3. Number of experts used to establish the ground truth for the test set and the qualifications of those experts:

• Not applicable. This device is a heart-lung machine, not an imaging or diagnostic device requiring expert interpretation for ground truth. The "ground truth" for such devices typically relates to engineering specifications and functional safety.

4. Adjudication method (e.g., 2+1, 3+1, none) for the test set:

• Not applicable. See point 3.

5. If a multi reader multi case (MRMC) comparative effectiveness study was done, If so, what was the effect size of how much human readers improve with AI vs without AI assistance:

• No. This is not an AI-assisted diagnostic or imaging device. It's a medical device for cardiopulmonary bypass.

6. If a standalone (i.e. algorithm only without human-in-the-loop performance) was done:

• Not applicable. This question is usually for diagnostic algorithms. For a mechanical device, performance is inherently "standalone" in its function, but the question's context implies AI. The device itself is a standalone system without an "algorithm only" performance that would be separated from human interaction in the way diagnostic AI is typically evaluated.

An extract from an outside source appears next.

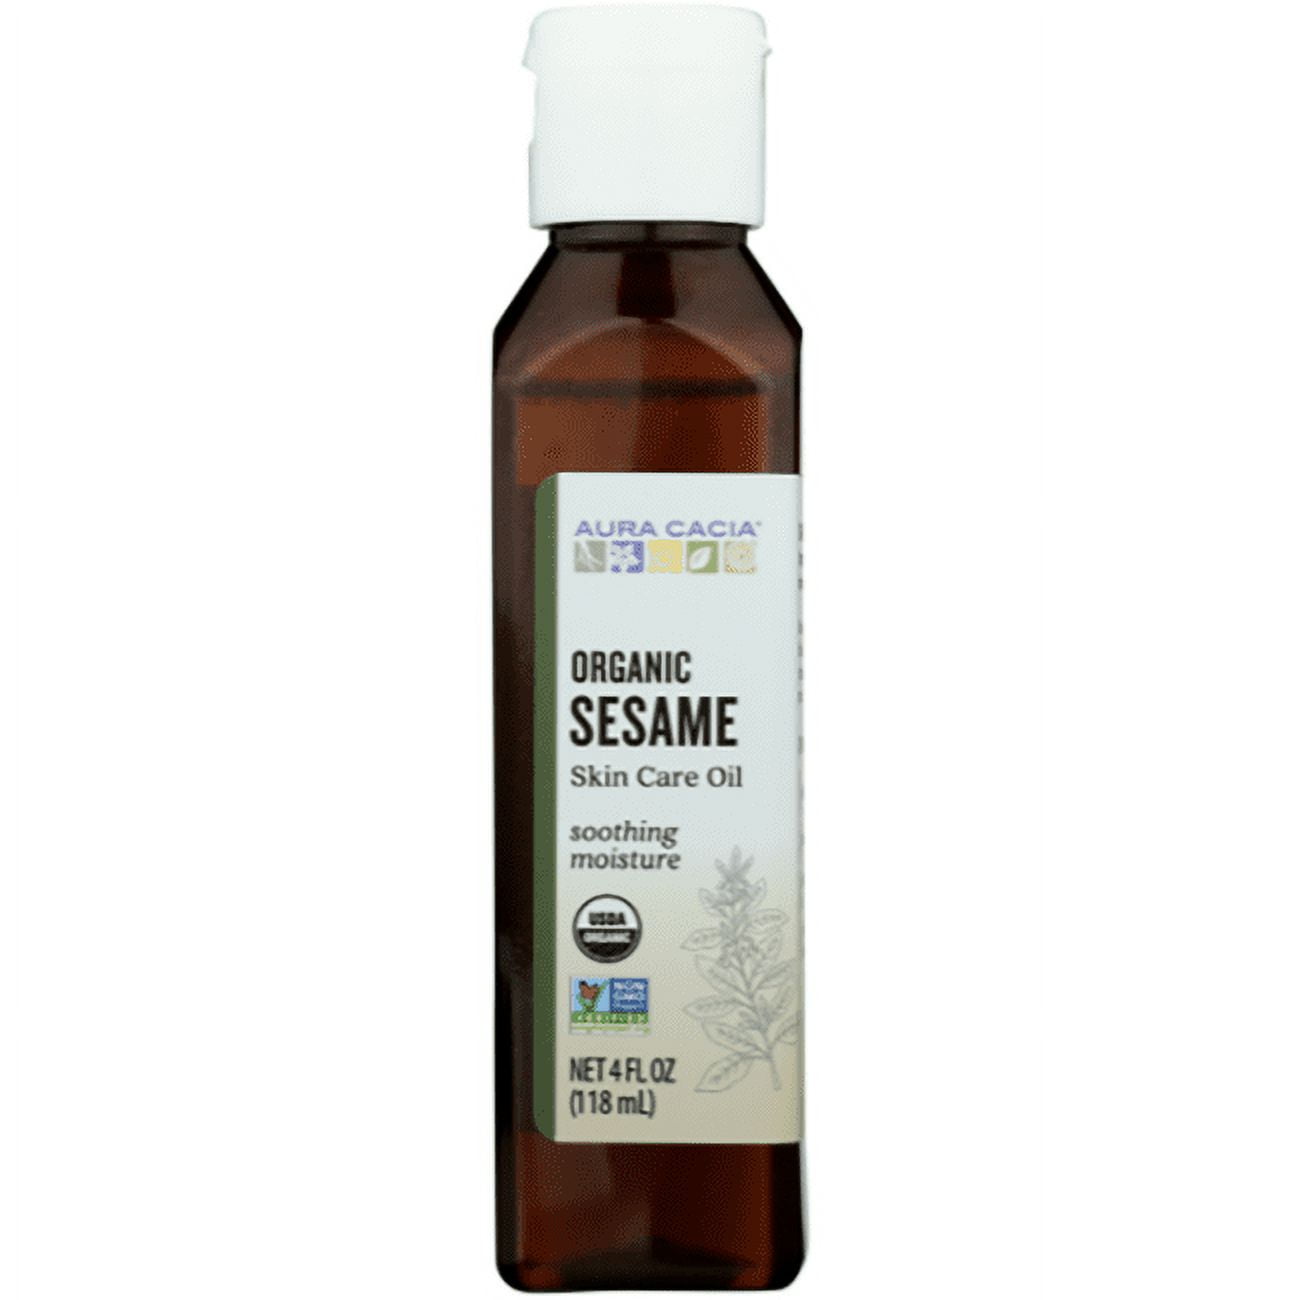 Aura Cacia Organic Sesame Skin Care Oil 4 oz Bottle
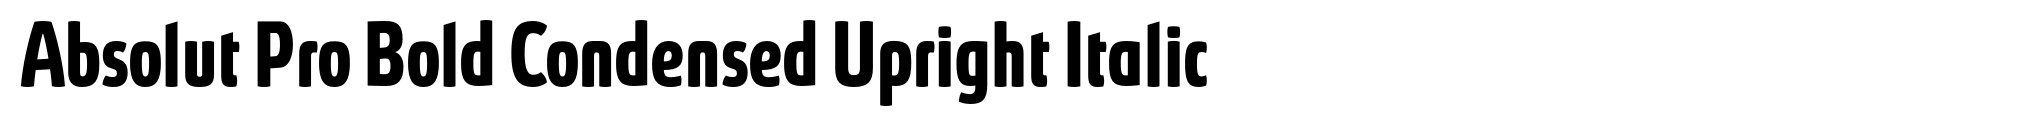 Absolut Pro Bold Condensed Upright Italic image

7. The type of ground truth used (expert consensus, pathology, outcomes data, etc.):

• Implied Engineering and Safety Standards: For a heart-lung machine, the "ground truth" for performance testing would be adherence to established engineering specifications, electrical safety standards (e.g., IEC 60601-1), electromagnetic compatibility standards (e.g., IEC 60601-1-2), and verified software functionality according to design specifications. The document mentions "electrical safety, electromagnetic compatibility, software validation, and functional testing," which align with this type of ground truth.

8. The sample size for the training set:

• Not applicable. This device is a physical medical device, not a machine learning model that requires a "training set."

9. How the ground truth for the training set was established:

• Not applicable. See point 8.

In summary, the provided 510(k) summary focuses on establishing substantial equivalence to a predicate device (Stöckert S3 System) based on intended use, indications for use, operational characteristics, and fundamental technological characteristics. While it mentions performance testing, it does not elaborate on the specific acceptance criteria or detailed results of those tests in the way requested for a performance study.